Our secular culture purportedly values neighborliness, even as it kills it. Therefore, a vertical understanding of Christian vocation—one which sees it as a priestly task, the daily self-offering in and through Christ, by the power of the Spirit, to the Father—exists only among those who constantly fight upstream. Which is to say, it is incredibly difficult. It can be sustained only through a life of prayer.
Our current economic situation is one of ceaseless disorientation. Workers are separated not only from the means of production but also from the immediate fruits of production. Whereas past generations received tactile wages, such as a farmer and his crop, we are now at the point where even the once-tangible paycheck has been absorbed into the ether of digital technology via direct deposit. Such a situation contributes to the loss of a telos in our vocations, but it does not remove the search thereof. Naturally, the accumulation of possessions follows. We hunger for the meaning of our labor to be concretized, and since our physical labor has been translated into the realm of invisibility, one can be forgiven for wanting to see an object so as to prove that their efforts produced something. Materialism, then, is materialization, or at least the quest for it. It is the exportation of the otherwise-useless green paper, or worse yet, imperceptible paycheck into the realm of reality.
Christian efforts to redirect the objects of spending are surely laudable. Don’t pour your money into selfish pleasure-pursuits, we are told, and rightly so; rather, give the fruits of your labor to the poor, or to efforts of Christian mission. Much that is positive can be said about this. It acknowledges the longing for the materialization of labor and, recognizing the inherent selfishness in the human heart, redirects it toward Jesus Christ. If followed, it will surely provide the Christian with a deeper sense of purpose in his or her vocation, as the fruit of one’s labor now resides, via translation, in the kingdom of God. This much is good and must be carried on. But, as a means of providing orientation within vocation directly, it falls short. For it does not do anything to fix the telos of labor above the transitory payment, a digitized set of numbers in an online bank. It does not attend to the concrete dimensions of the very tasks and services we perform but locates the telos a few steps away from our action. The result: After we have completed our labor, which in and of itself remains basically meaningless, we can draw meaning from the tangible effects of the money we obtain. While surely better than unreflective materialism, this will not suffice in our quest for the guiding purpose of our labor, one that transcends the mere economic output and resides in the action of work itself.

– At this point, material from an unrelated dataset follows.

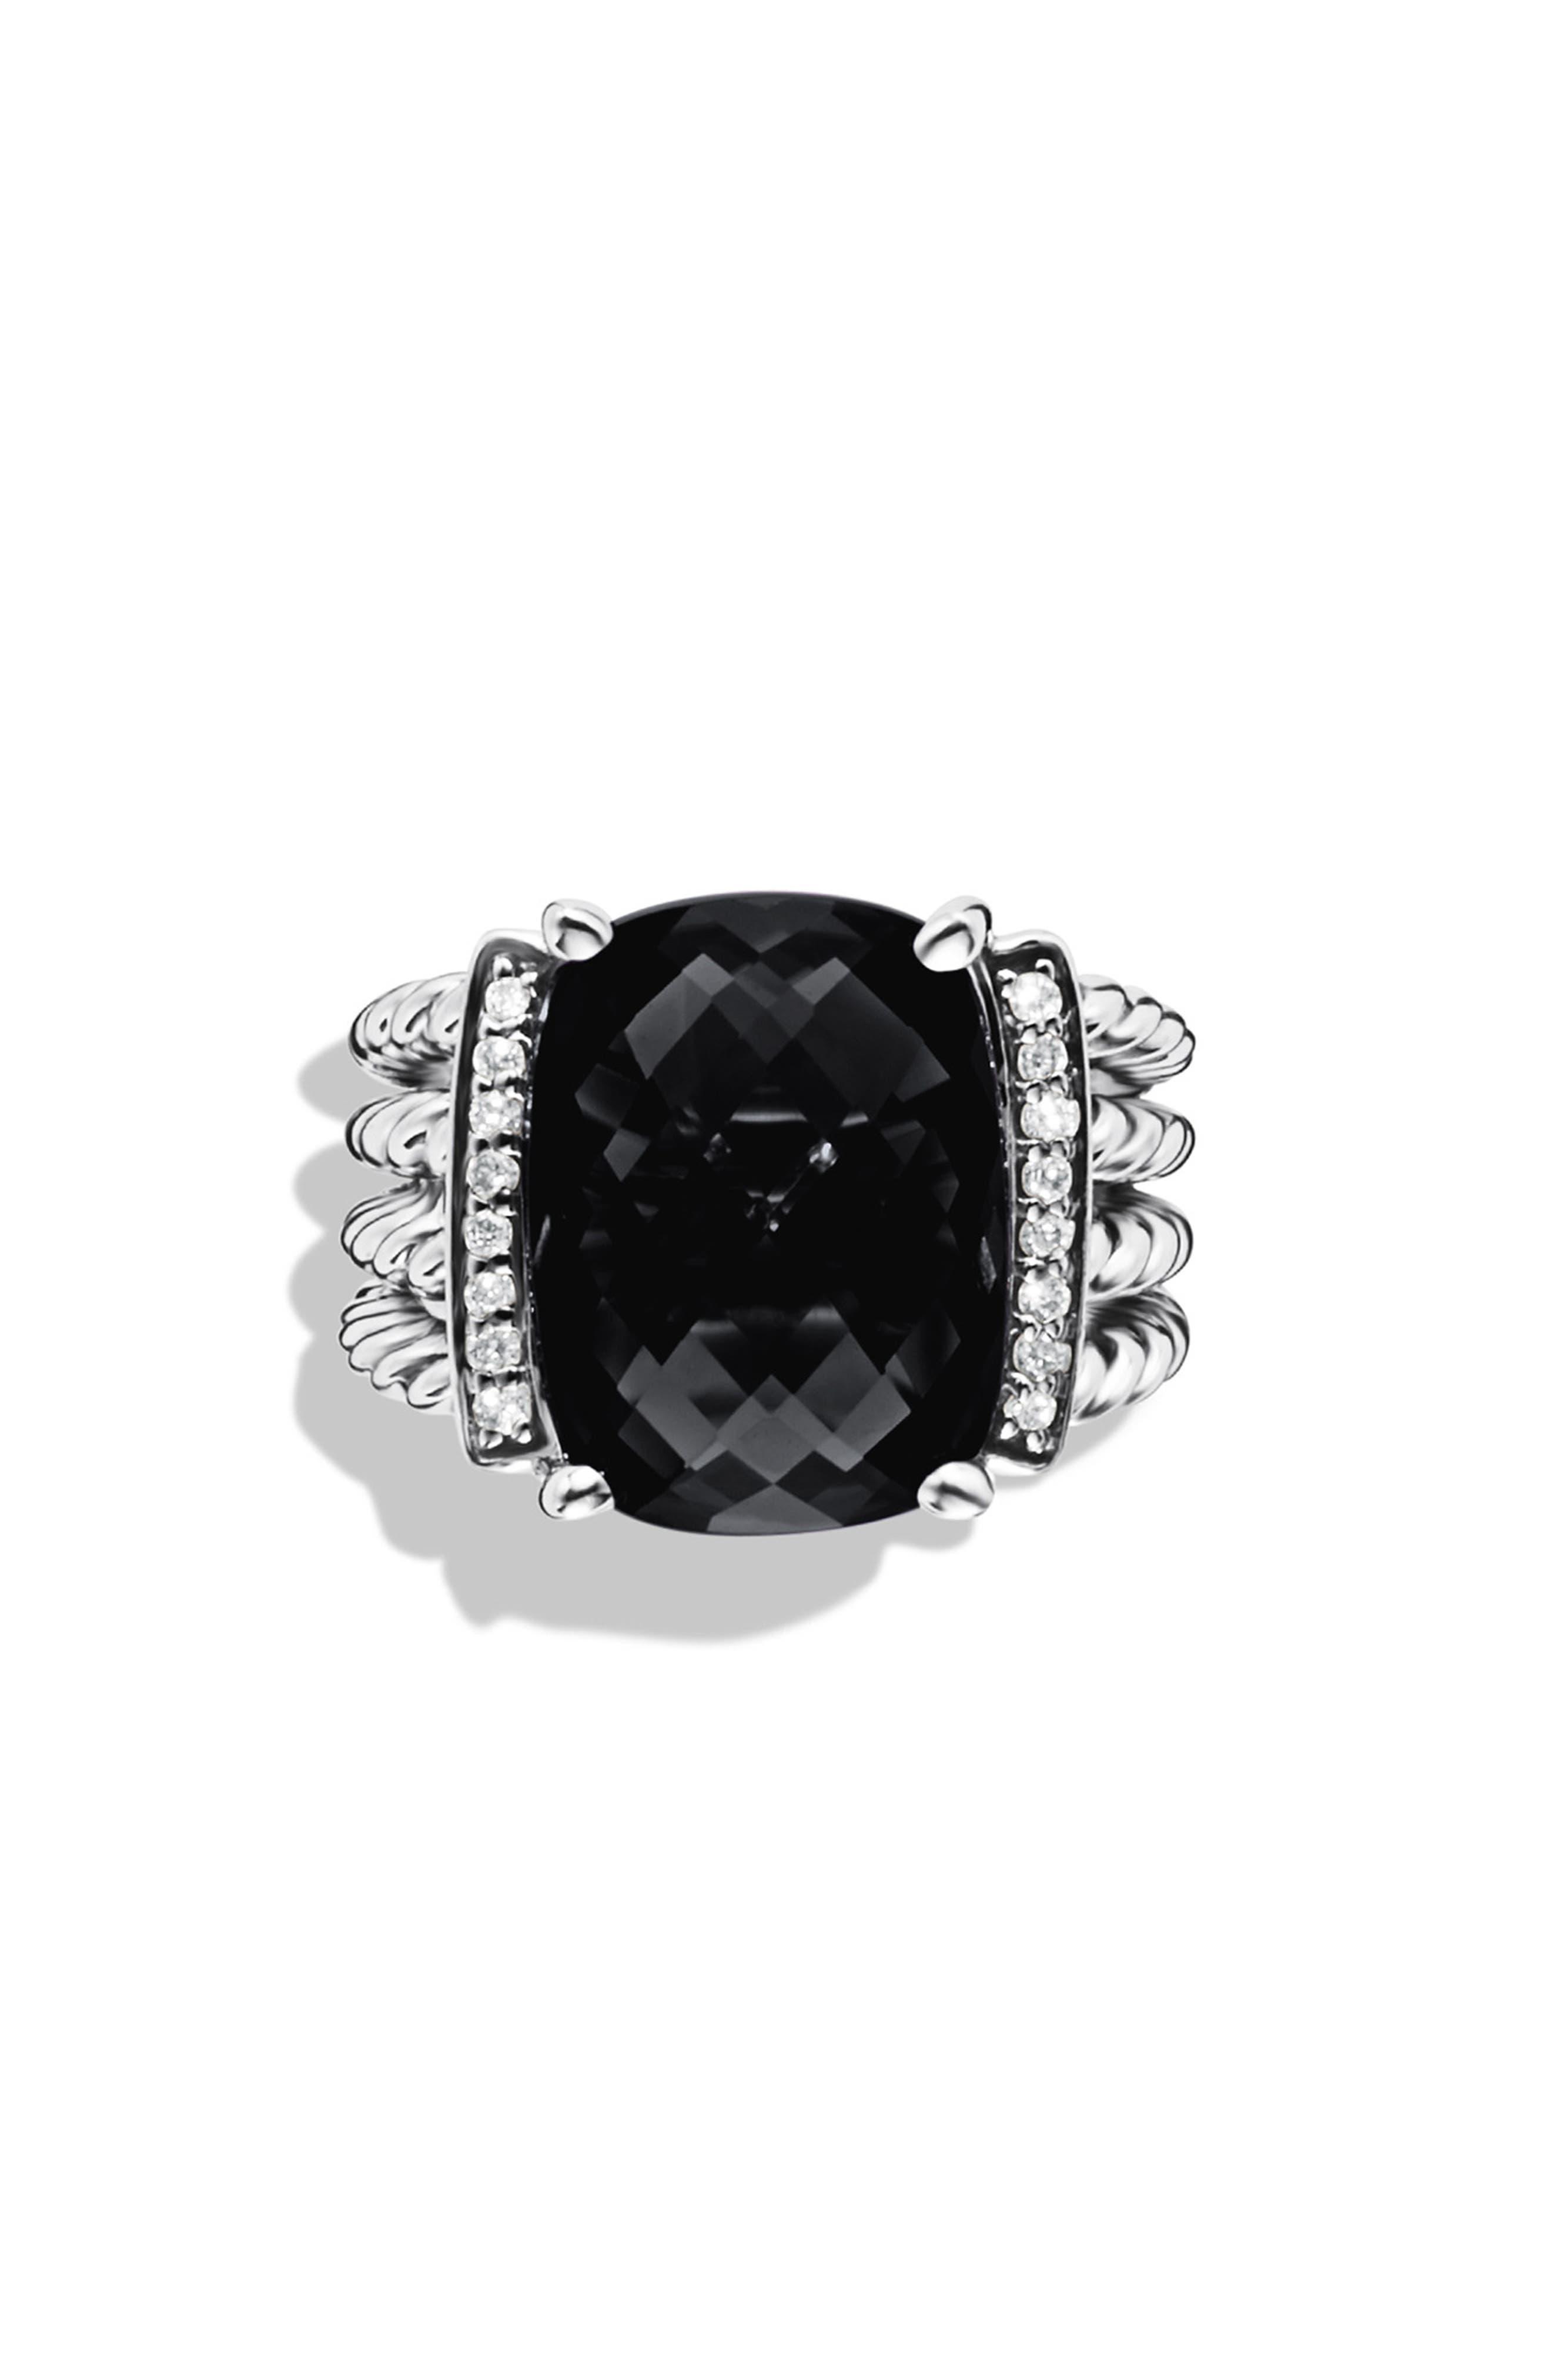 DAVID YURMAN 'Wheaton' Ring with Semiprecious Stone & Diamonds, Main, color, BLACK ONYX

A notion of work as Christian service accomplishes just this. Rather than positing the wages as the ultimate goal of all labor, whether spent on selfish pleasures or selfless donations, defining vocational meaning as Christian service fixes our eyes upon a higher, steadier telos. In short, one’s vocation is the domain in which he or she obeys the two greatest commandments: You shall love the Lord your God with all your heart, and with all your soul, and with all your mind, and you shall love your neighbor as yourself (Matt 23:37-39). Vocation itself is a calling (from the Latin vōcare, “to call, summon”). A job or career is not a mere economic appendage to a pre-existing Christian identity, as if Christians interacted with God somewhere other than the real world which they inhabit. On the contrary, one’s vocation is the stage upon which he or she enacts God’s direction. If these two great commandments from Christ are the compass for Christian pilgrims, our career vocations are the terrain we must travel in order to get there. The practical, daily demands of our vocational tasks are the thicket of woods we must traverse in order to move Northward.
Firstly, therefore, our work is service to our neighbors. If, as we have suggested, the purpose of our labor is not determined by our salary, then it follows that value-measurements must be derived from elsewhere. Contrary to the mindset we instinctually absorb, the dollar amount does not determine the worth of our work. Dollar amounts are transient, and in an economy as large as ours, surely do not represent the palpable concerns of the people who immediately surround us. This means that we must first examine the nature of our action itself, that is, what it is we do. The simple answer to this is that we are serving our neighbors.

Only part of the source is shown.